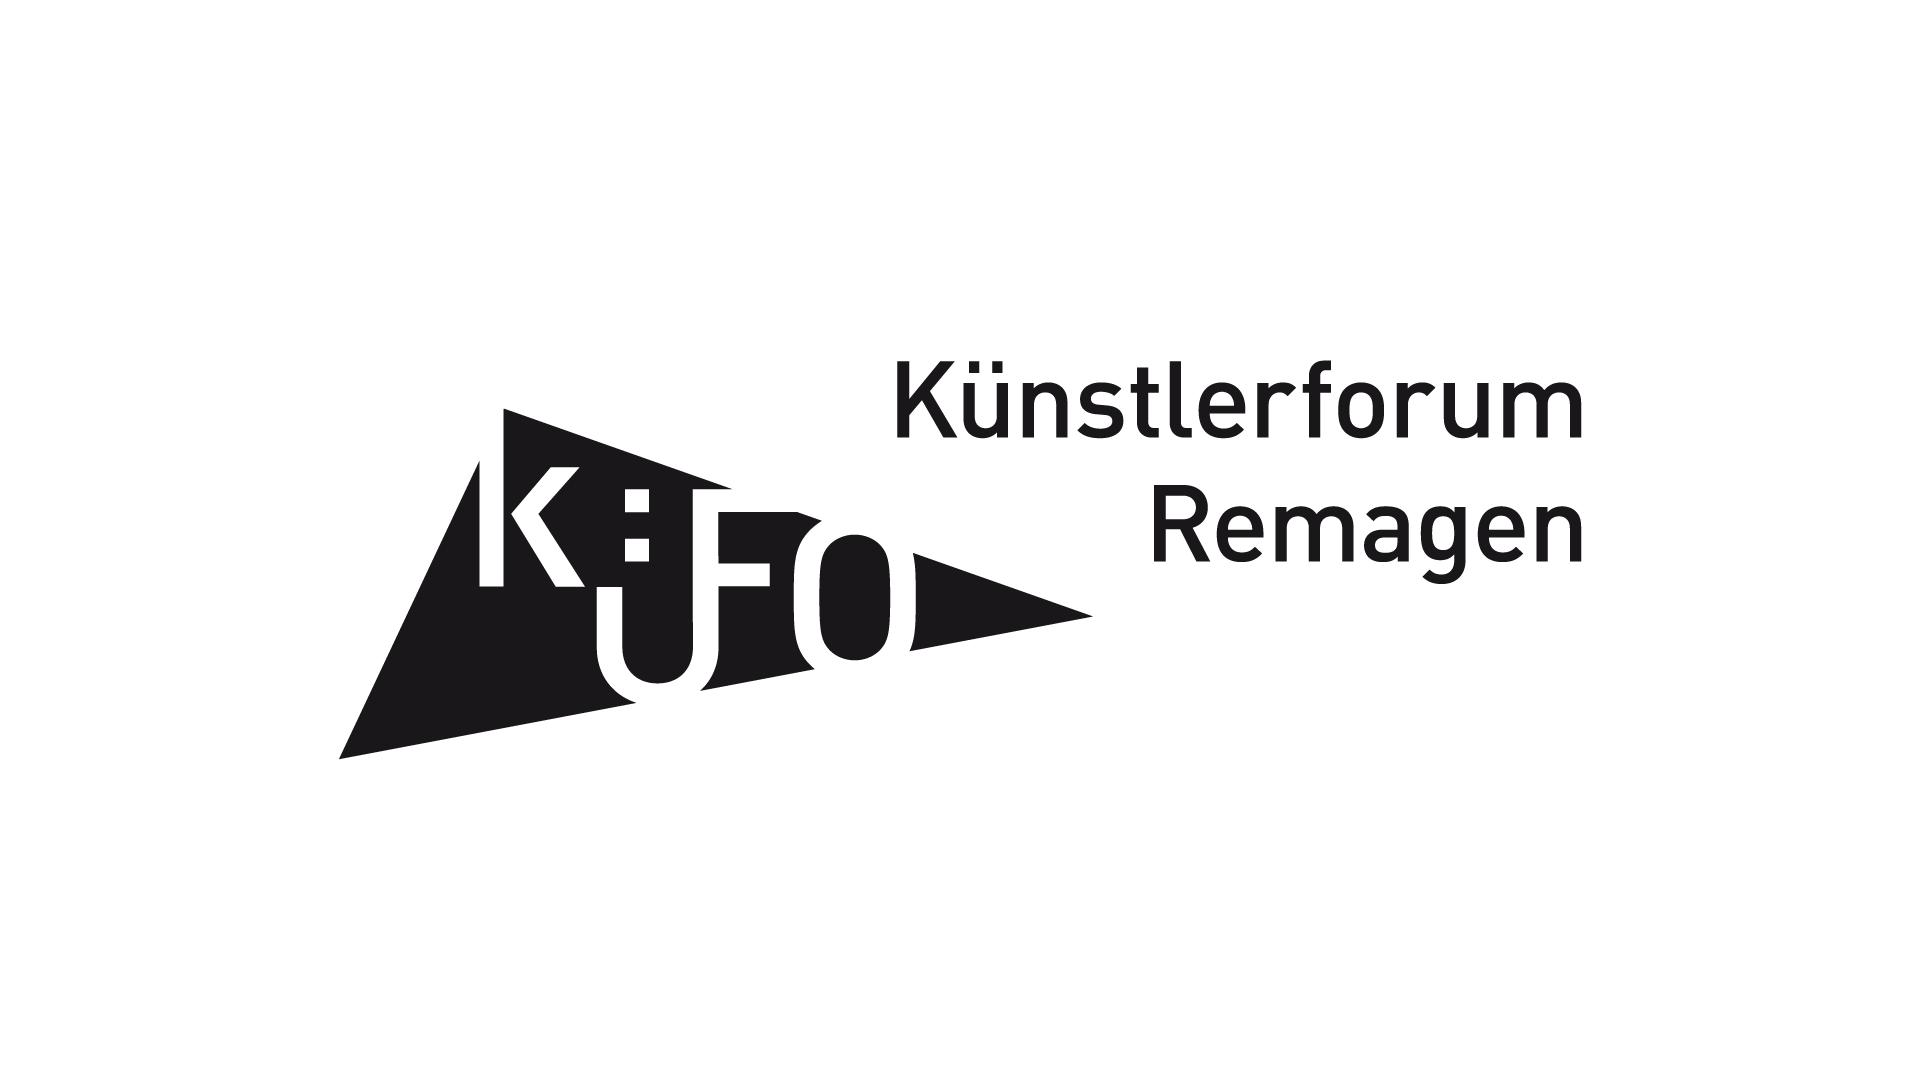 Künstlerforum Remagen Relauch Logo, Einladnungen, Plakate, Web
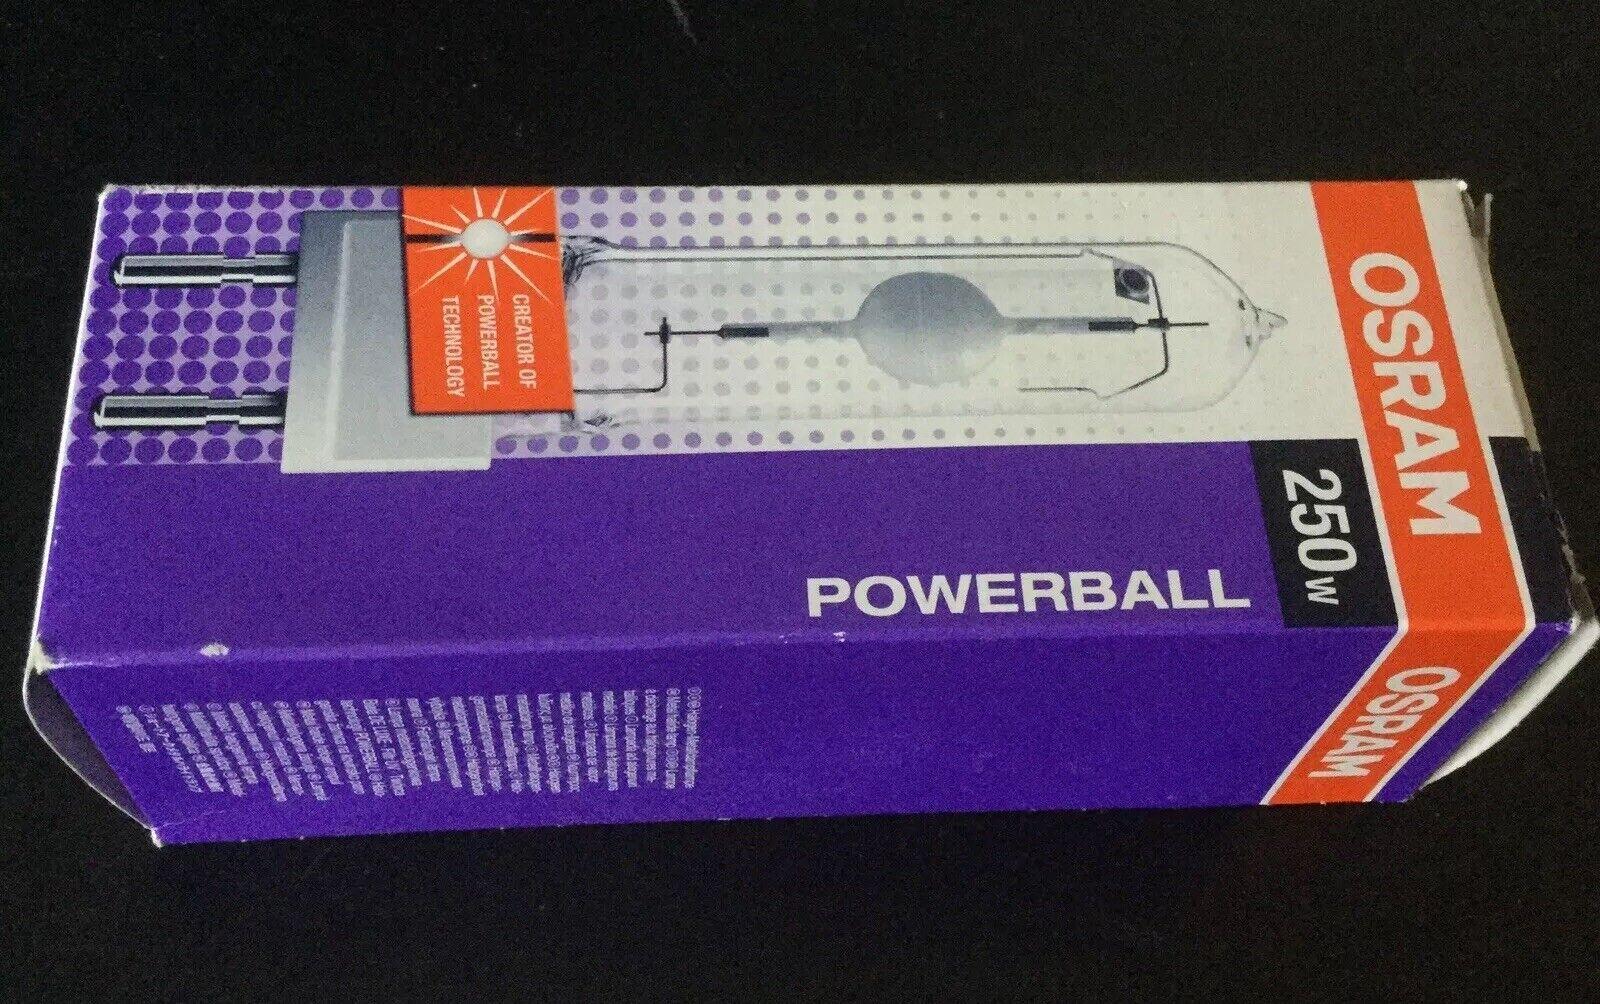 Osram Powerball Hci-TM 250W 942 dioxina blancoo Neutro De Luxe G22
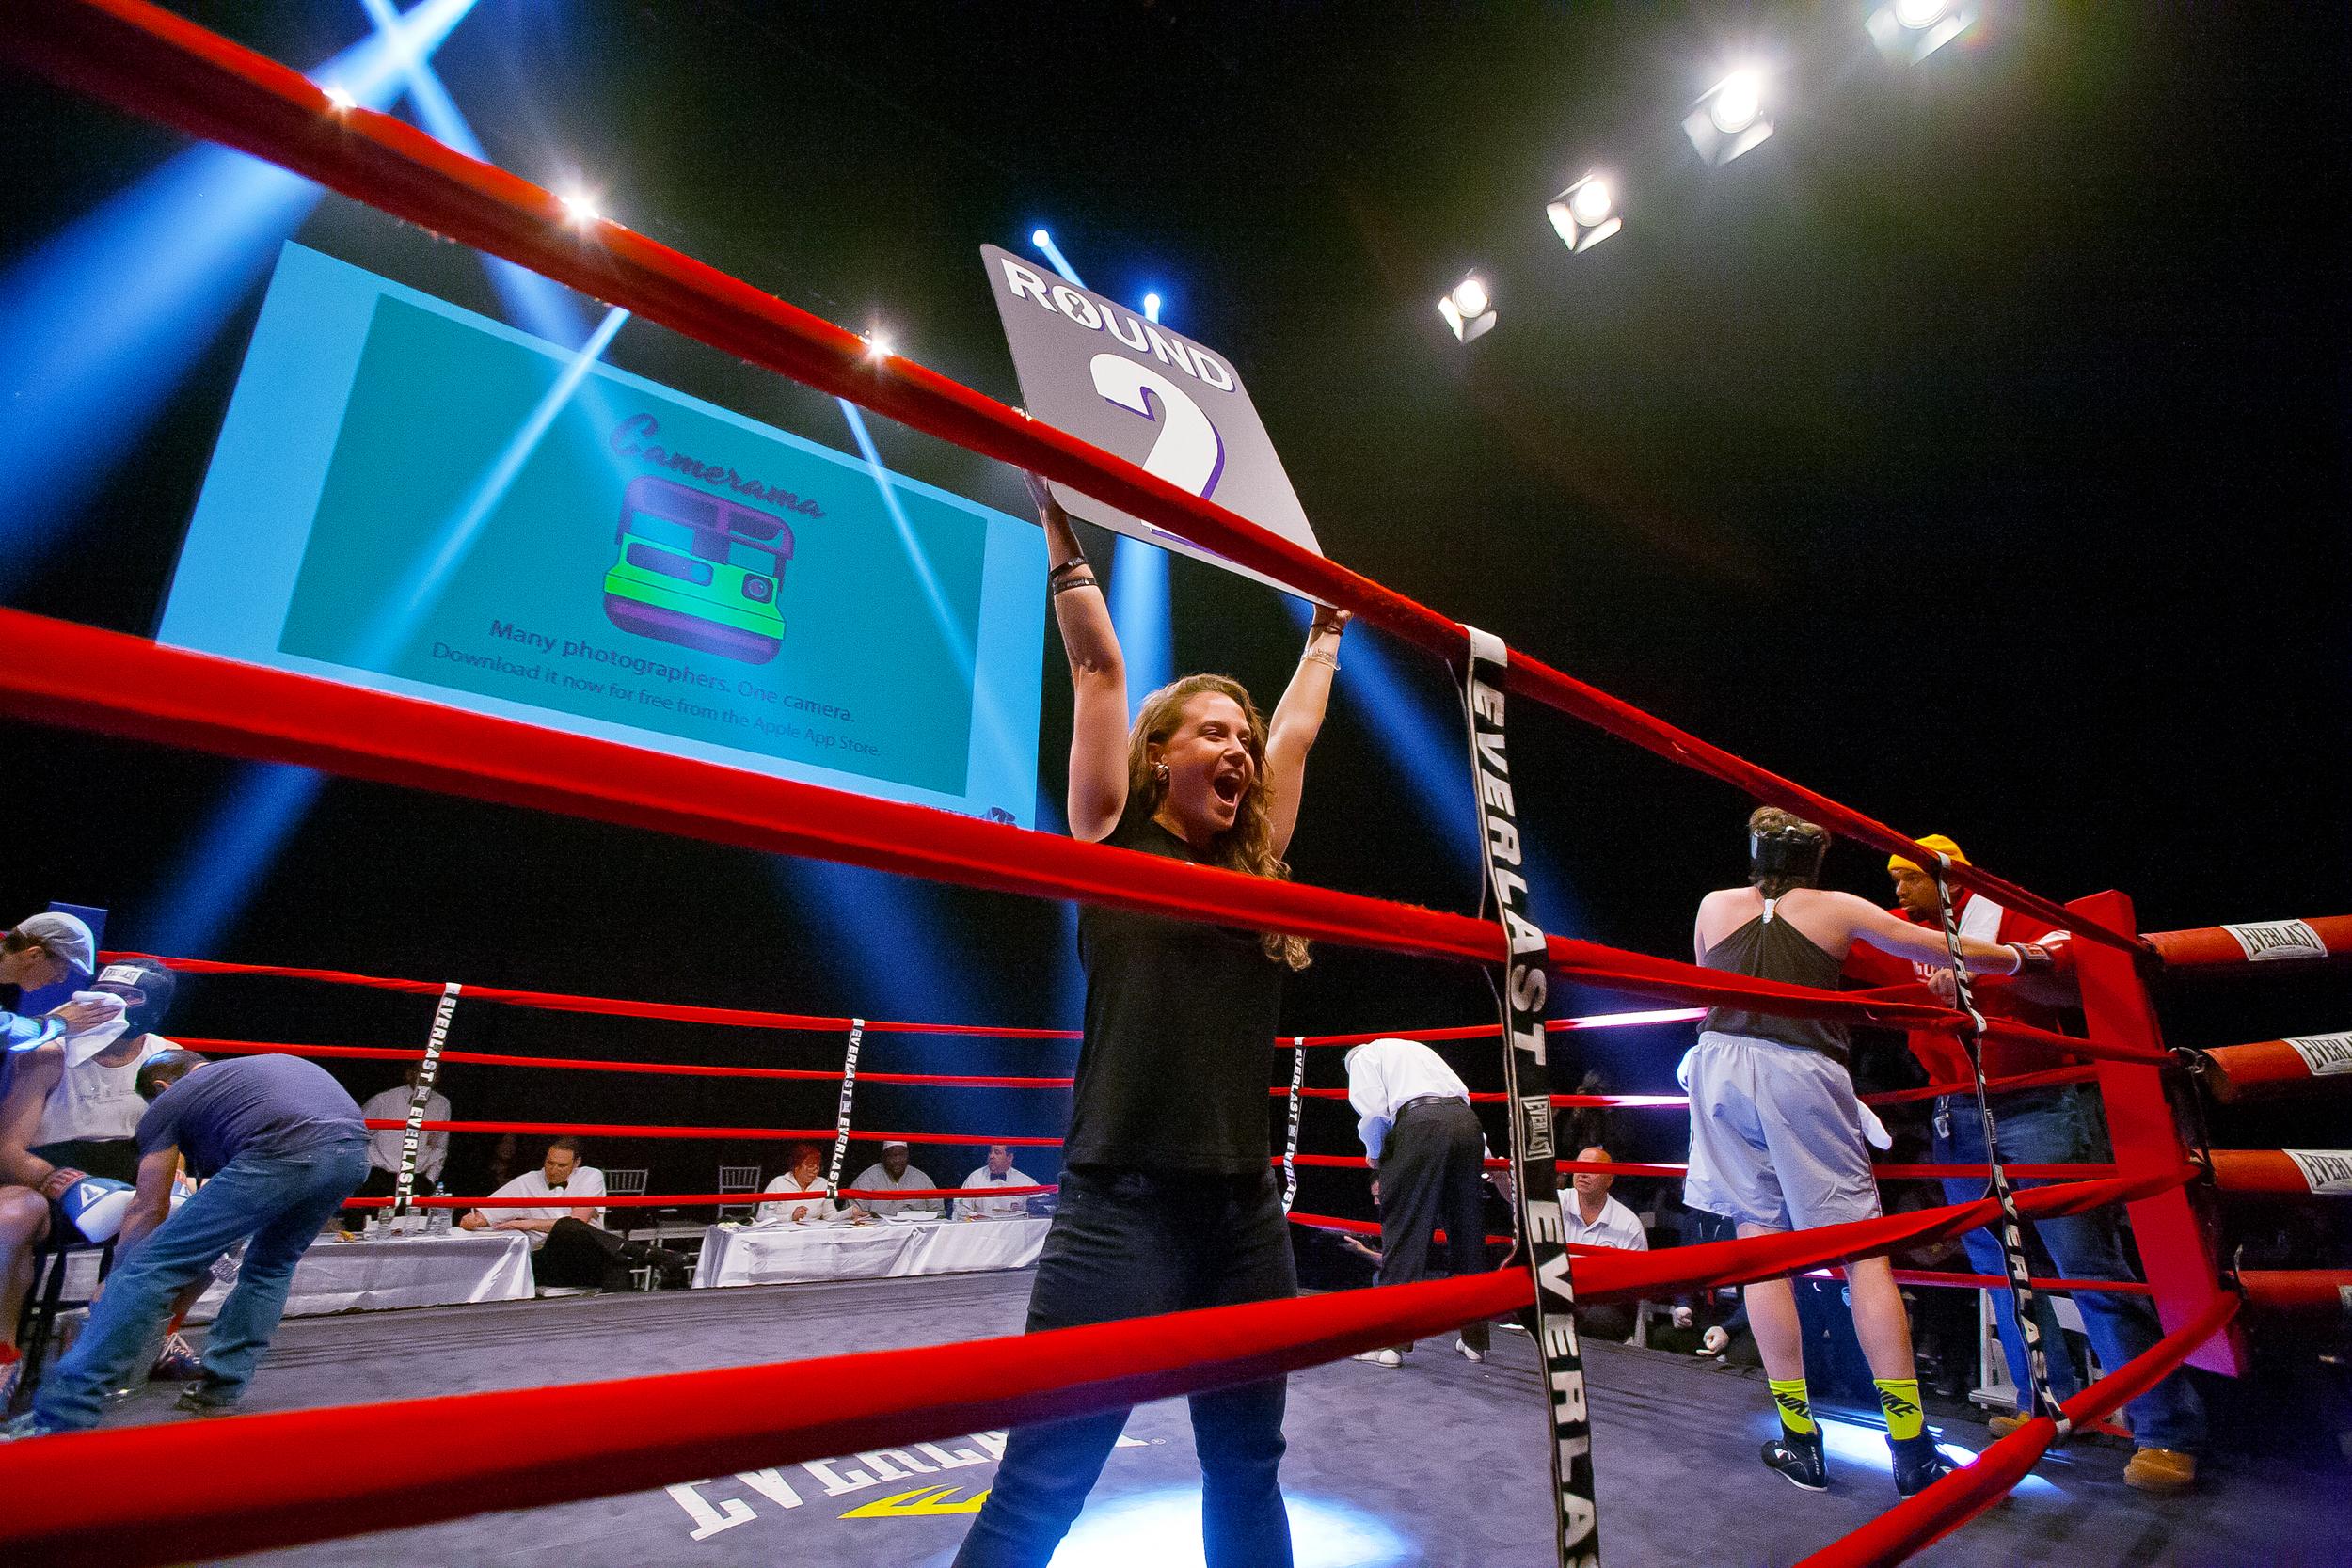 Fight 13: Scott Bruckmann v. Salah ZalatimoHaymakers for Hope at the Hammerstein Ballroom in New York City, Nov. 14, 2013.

TASK >>
The entire listing above, word for word and without pictures, is what should be output.

ANSWER TO THE PROBLEM >>
 Künstlerforum Remagen Relauch Logo, Einladnungen, Plakate, Web
 Osram Powerball Hci-TM 250W 942 dioxina blancoo Neutro De Luxe G22
 Fight 13: Scott Bruckmann v. Salah ZalatimoHaymakers for Hope at the Hammerstein Ballroom in New York City, Nov. 14, 2013.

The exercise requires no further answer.